At the conclusion of the tour, we had a picnic lunch, in sunny conditions with the temperature a few notches above freezing, then enjoyed a bracing walk to the summit of Big Round Top. This was the extreme left of the Federal lines, the 20th Maine regiment, commanded by Joshua Lawrence Chamberlain, a teacher in Maine before the war. They were involved in a fierce fight on the second day of the battle as Lee tried to flank the Federal lines. It was another close-run event: a brave bayonet charge when out of ammunition by the 20th Maine was enough to drive the Confederate troops off the hill. Although, it could have gone differently.

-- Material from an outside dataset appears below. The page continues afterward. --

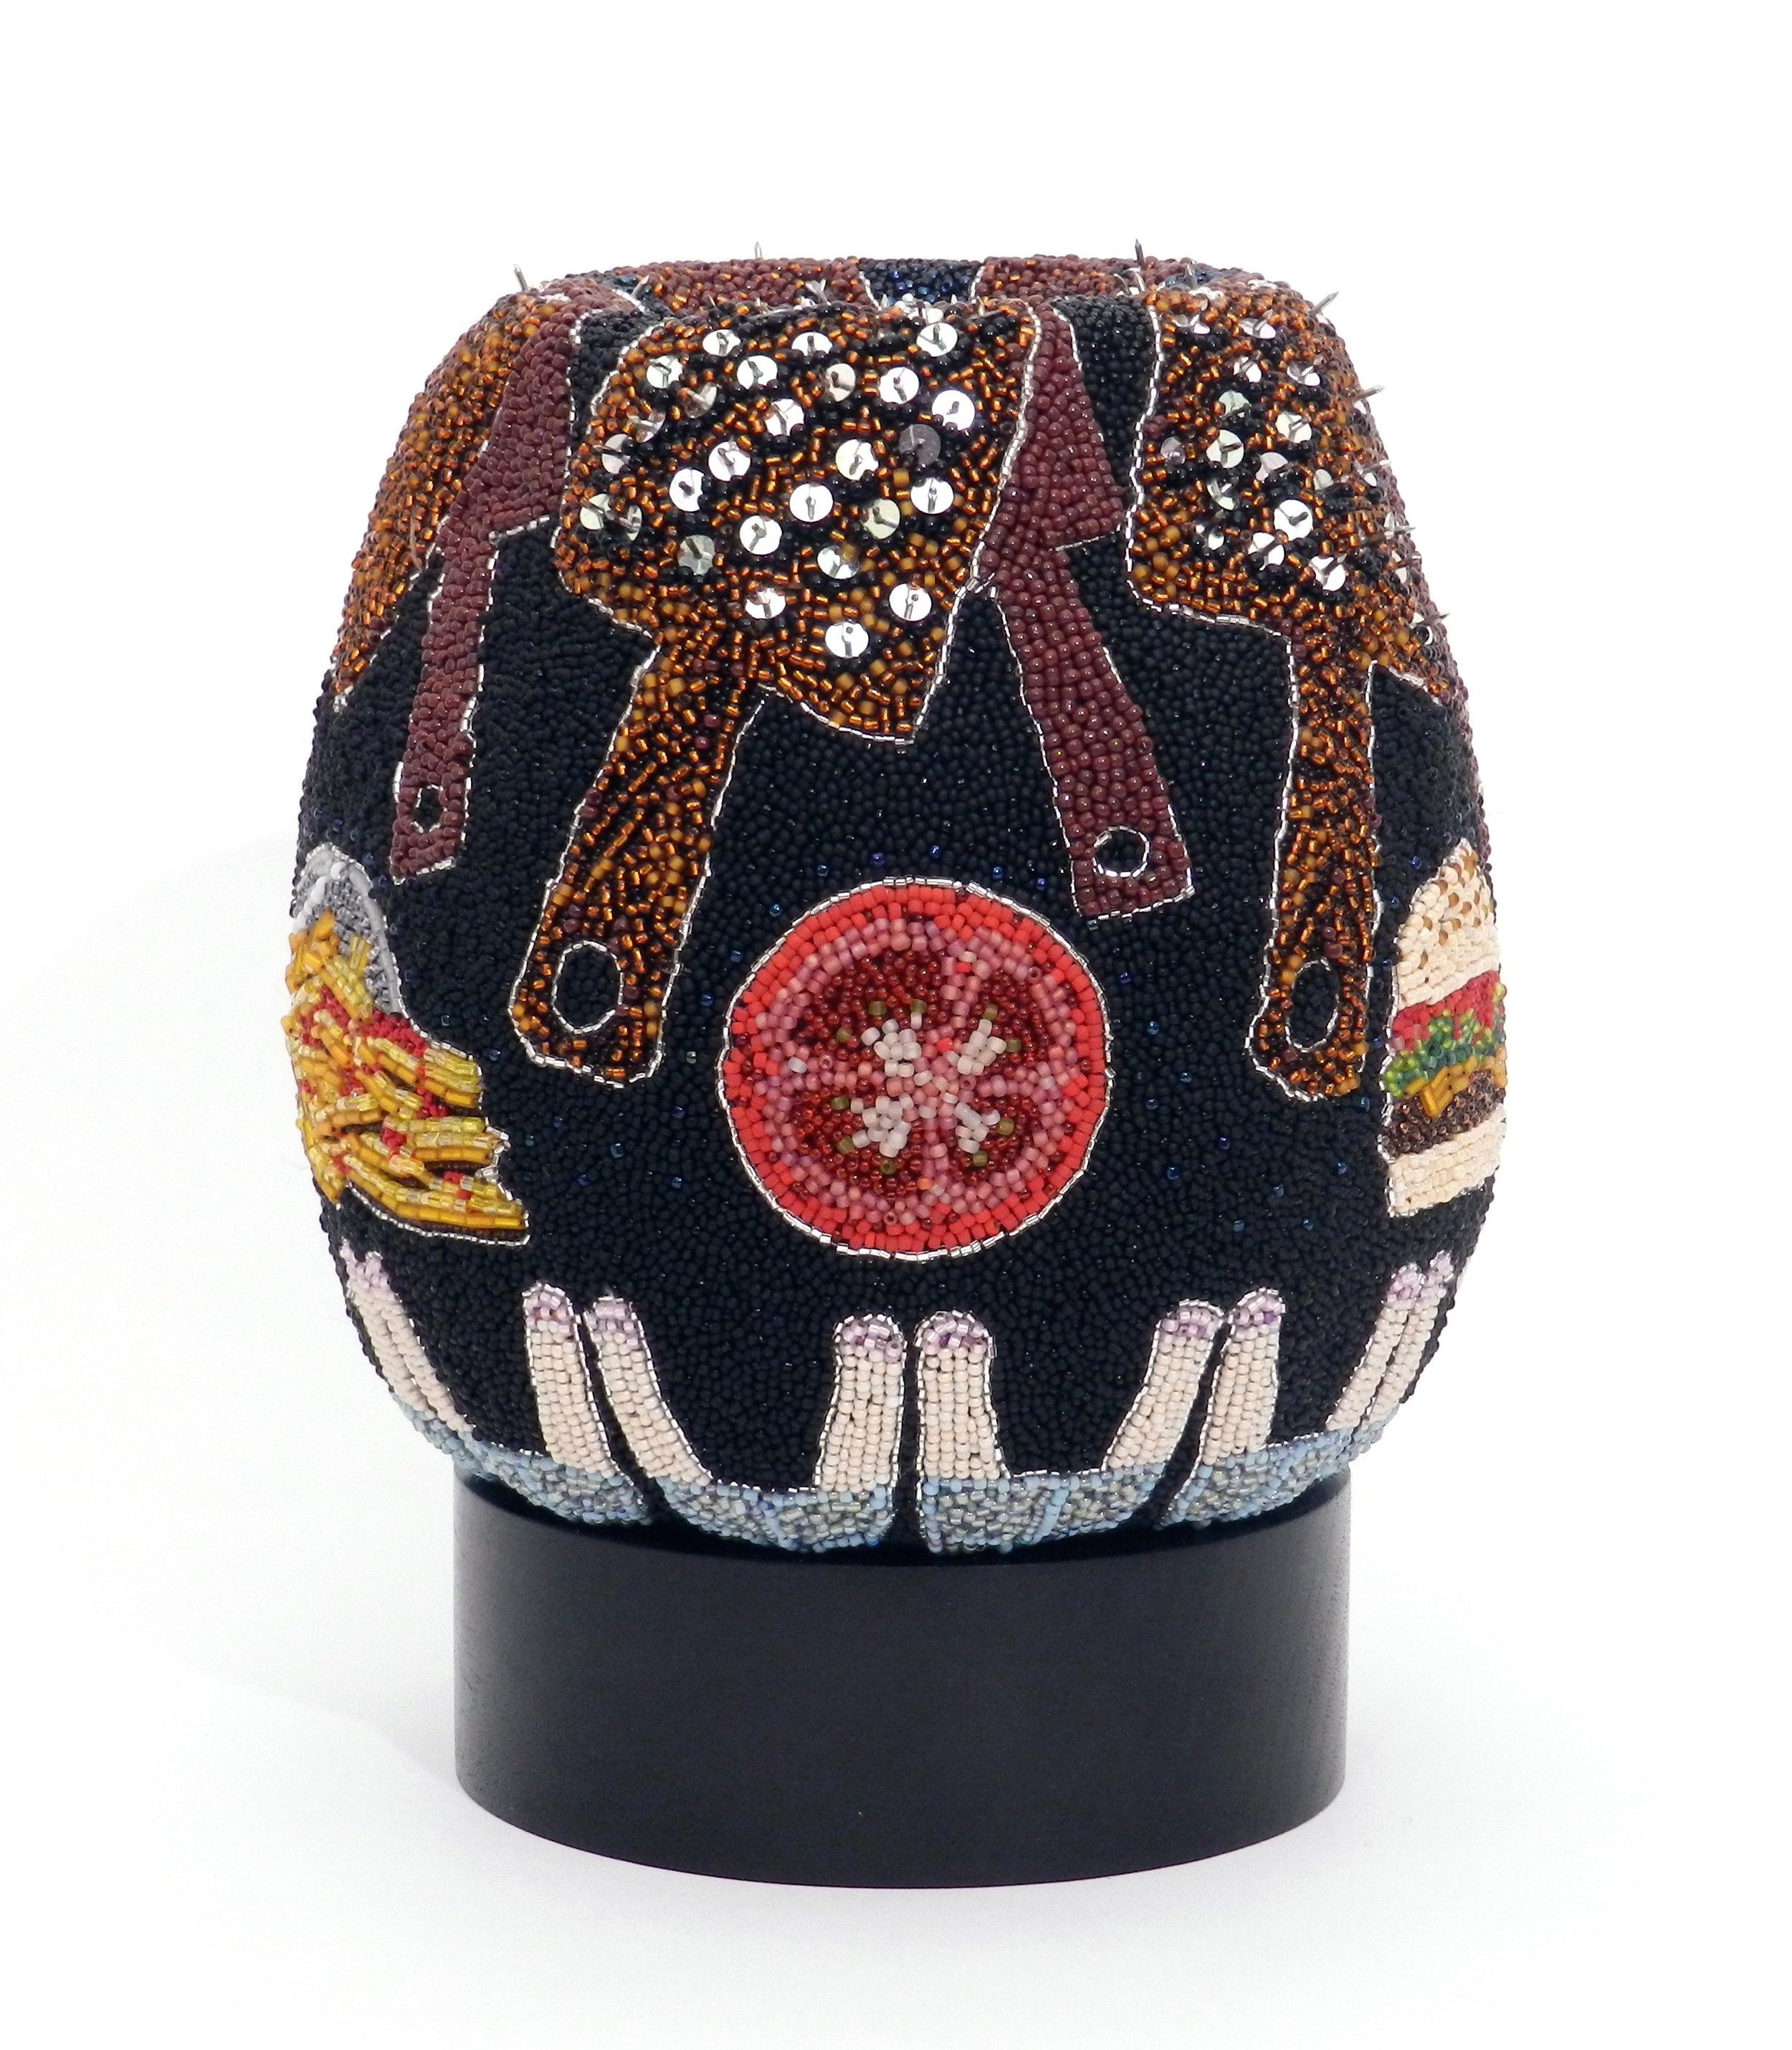 Stuffed , 2017, felt, glass beads, sequins, thumbtacks, 8.5 x 6.5 x 6.5 in.

Of course, we continued our tour of cafes across America, enjoying a caffeine hit at Christie’s Café in downtown Gettysburg. Then we visited a few more monuments – including the impressive Robert E. Lee/Virginia memorial – and climbed the Longstreet Tower (132 steps each way) for a bird’s eye view of the battlefield on our way back to D.C.

Longstreet Tower

Gettysburg is a fascinating but sombre place to visit. You start thinking what a beautiful place it is, with mountains and fields, then realise that so many men were wounded or worse, men from the same country – even though they technically weren’t at the time – in those peaceful fields and up on those heights. It seems like such a horrible waste. As does war anywhere, really.


Although I’m a day late for Australia, I’m going to close by saying that I’m grateful for all who have sacrificed so much for our great country in every conflict Australian troops have been involved in, from the Boer War through current-day operations in the Middle East. Thank you.

A cannon set up looking towards Union lines.

Northbound tomorrow into the great state of New Jersey.